Part and parcel of this is how we use this data to facilitate generalized user access to these resources. I mentioned my feeling that a collection-level record for electronic sets has little utility beyond serving as a locus to record payments. I think that most technical services and collection development librarians agree with me in this regard. And, while some libraries have extended the scope of this collection-level record by including in it so-called analytical added entries for individual serial titles, the extent of most aggregations renders that solution impractical, if not impossible. Furthermore, communicating a record for resource sharing that might be enhanced or, better, burdened, with hundreds or even thousands of analytic titles is beyond the scope of the MARC record. Lastly, let us not forget that a title entry within a collection-level record is still bereft of all the other access points such as subjects and responsible corporate bodies that our users have every right to expect.

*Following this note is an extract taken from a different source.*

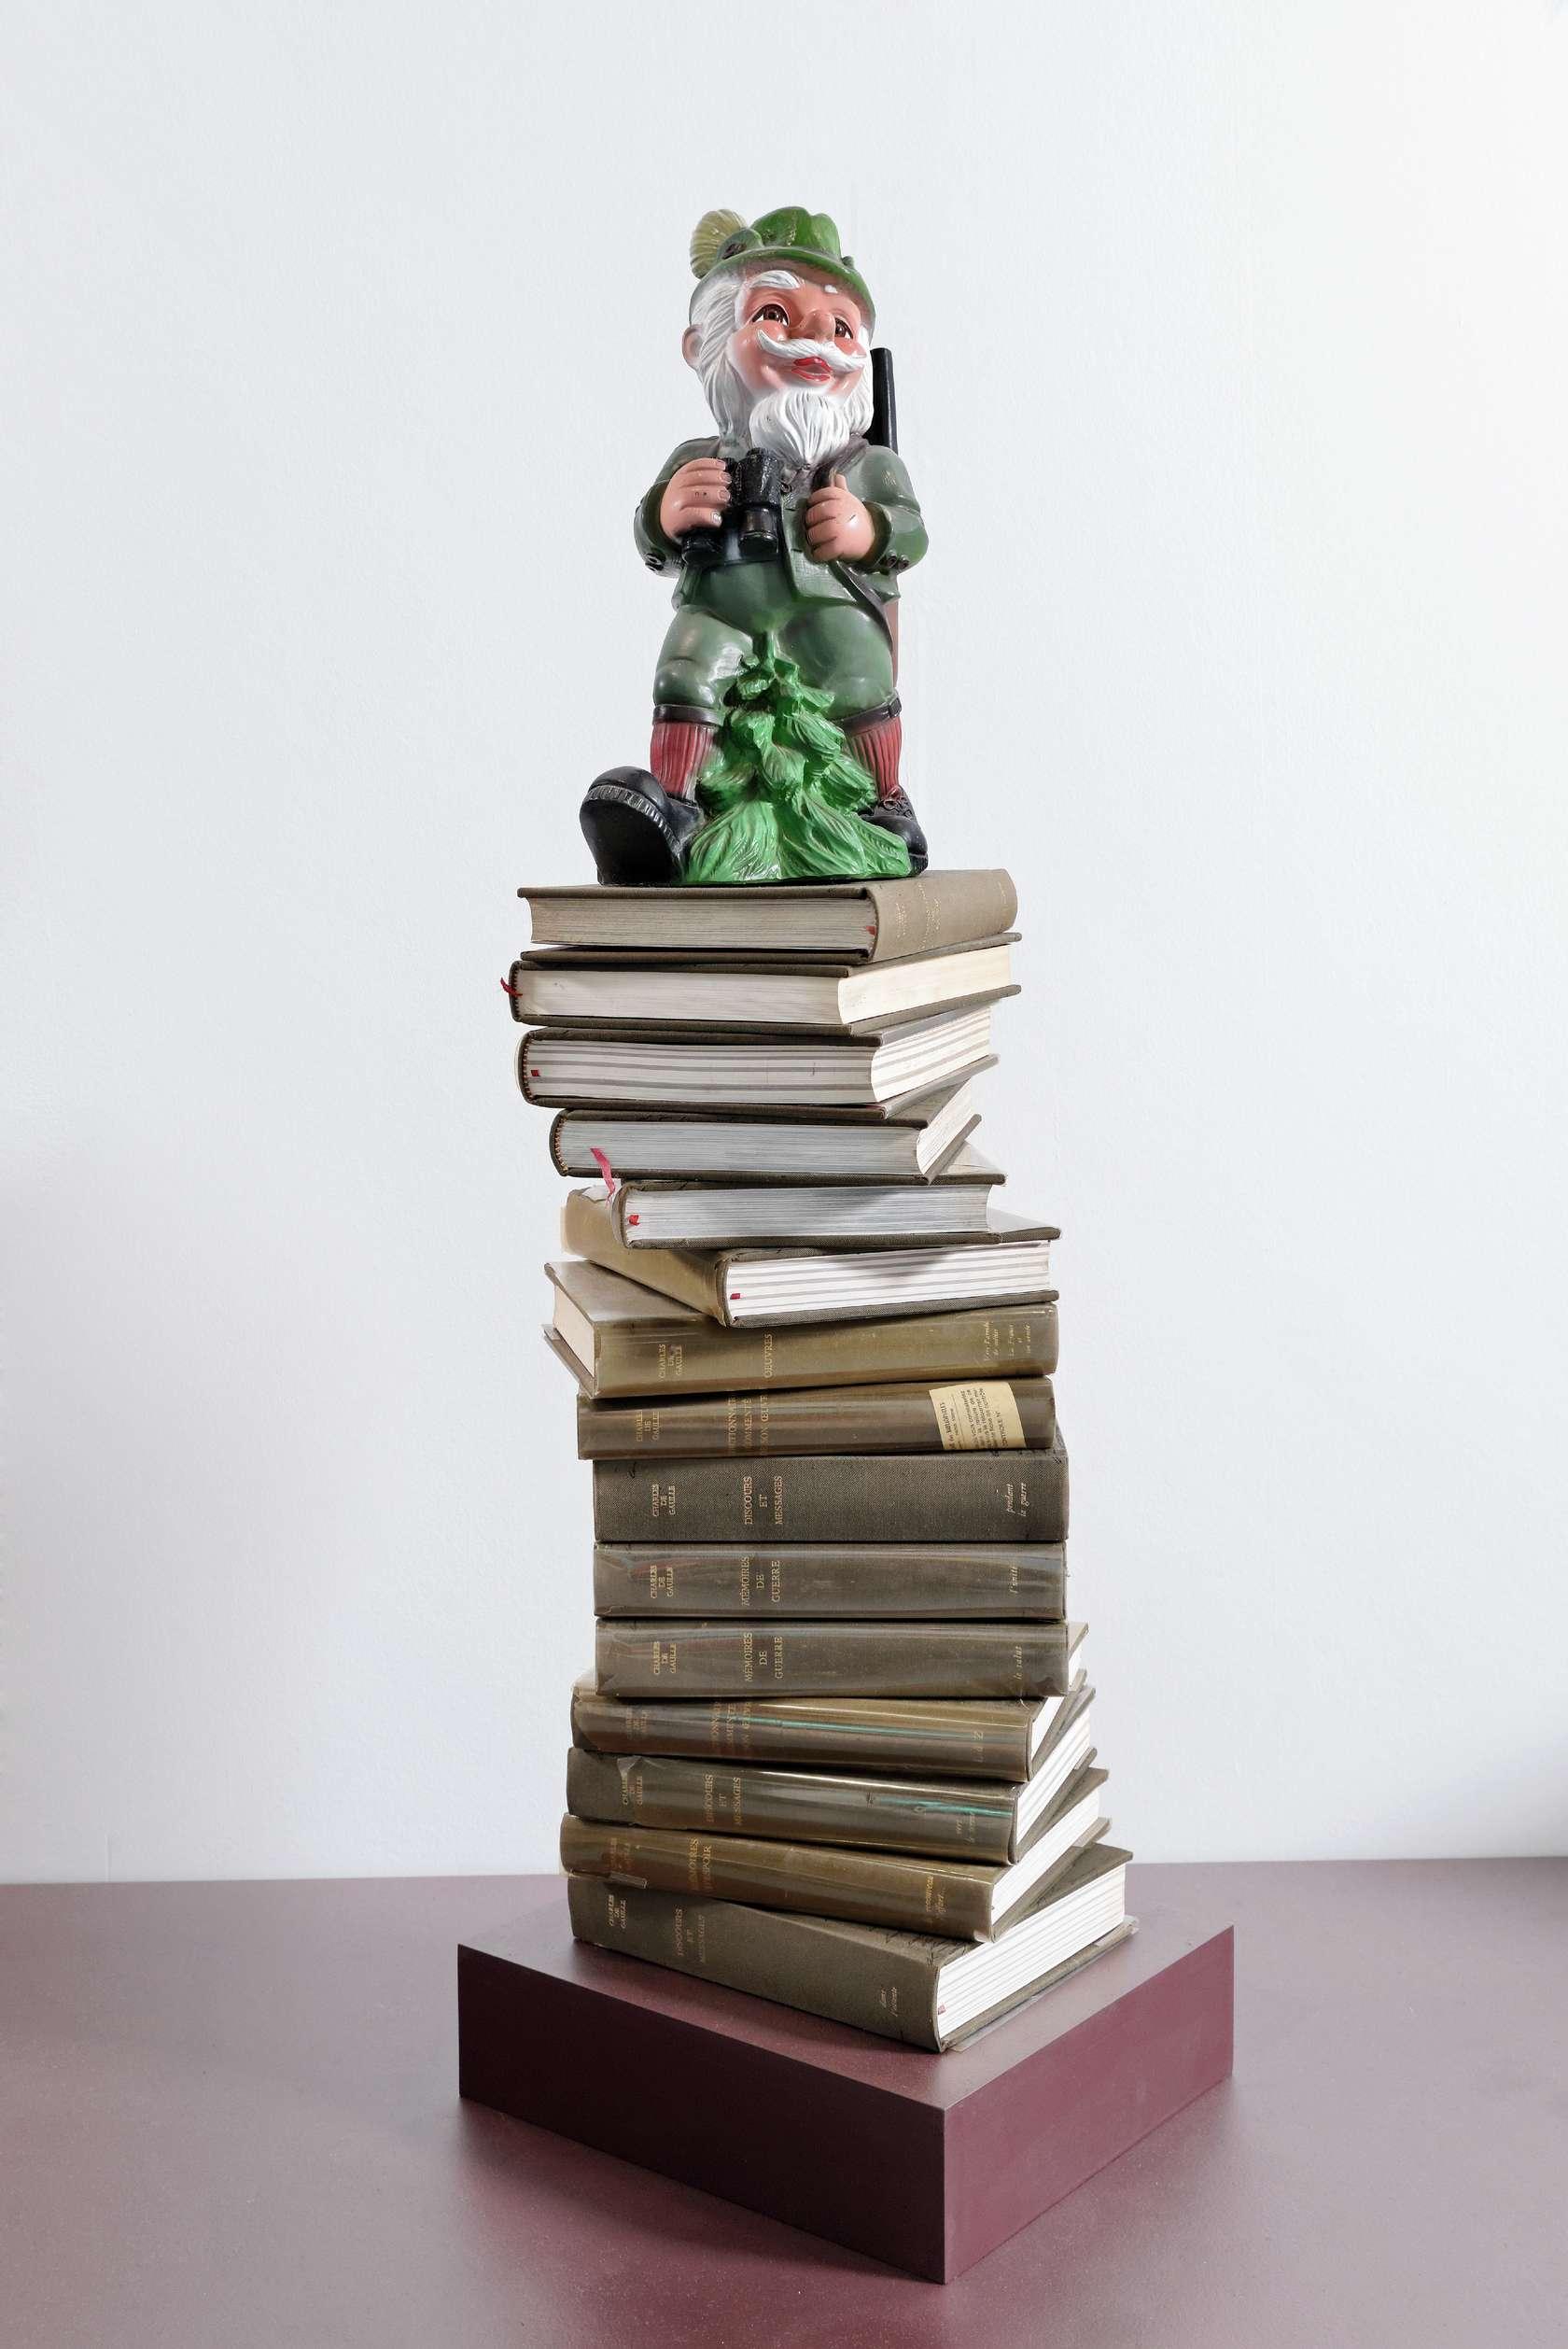 Présence Panchounette, Guerre et paix ou Le grand défi, 1985 Nain en plastique et 15 livres120 x 28.5 x 28.5 cm / 47 2/8 x 11 2/8 x 11 2/8 inches

Even if it were possible, however, such a listing has minimal utility unless it resides in a Web-enabled, clickable catalog. Thankfully, most of us are finally reaching that point in our integrated library systems development. In the meantime, however, most libraries of which I am aware have taken the approach of creating Web listings of Internet resources. For the most part these include the major database offerings, such as Lexis-Nexis, JStor, etc., as well as an itemized list of electronic journals, both for individually obtained ejournals and sometimes for those included within aggregated databases. For the latter, you will typically find this where it has proven feasible to create a list either because the number of journals comprised in the database is manageable or is facilitated by a publisher-supplied inventory.
So, then, libraries have created various work arounds, most involving Web listings of their electronic journals. This is an unfortunate but largely unavoidable consequence of technological change coming to the library in varying stages. It greatly troubles me because it represents duplicate, wasted effort at a time of diminished resources and because it takes effort away from the centrality of the catalog. One might argue that in an age of digital collections the catalog is destined to lose its centrality anyway. So why should I worry?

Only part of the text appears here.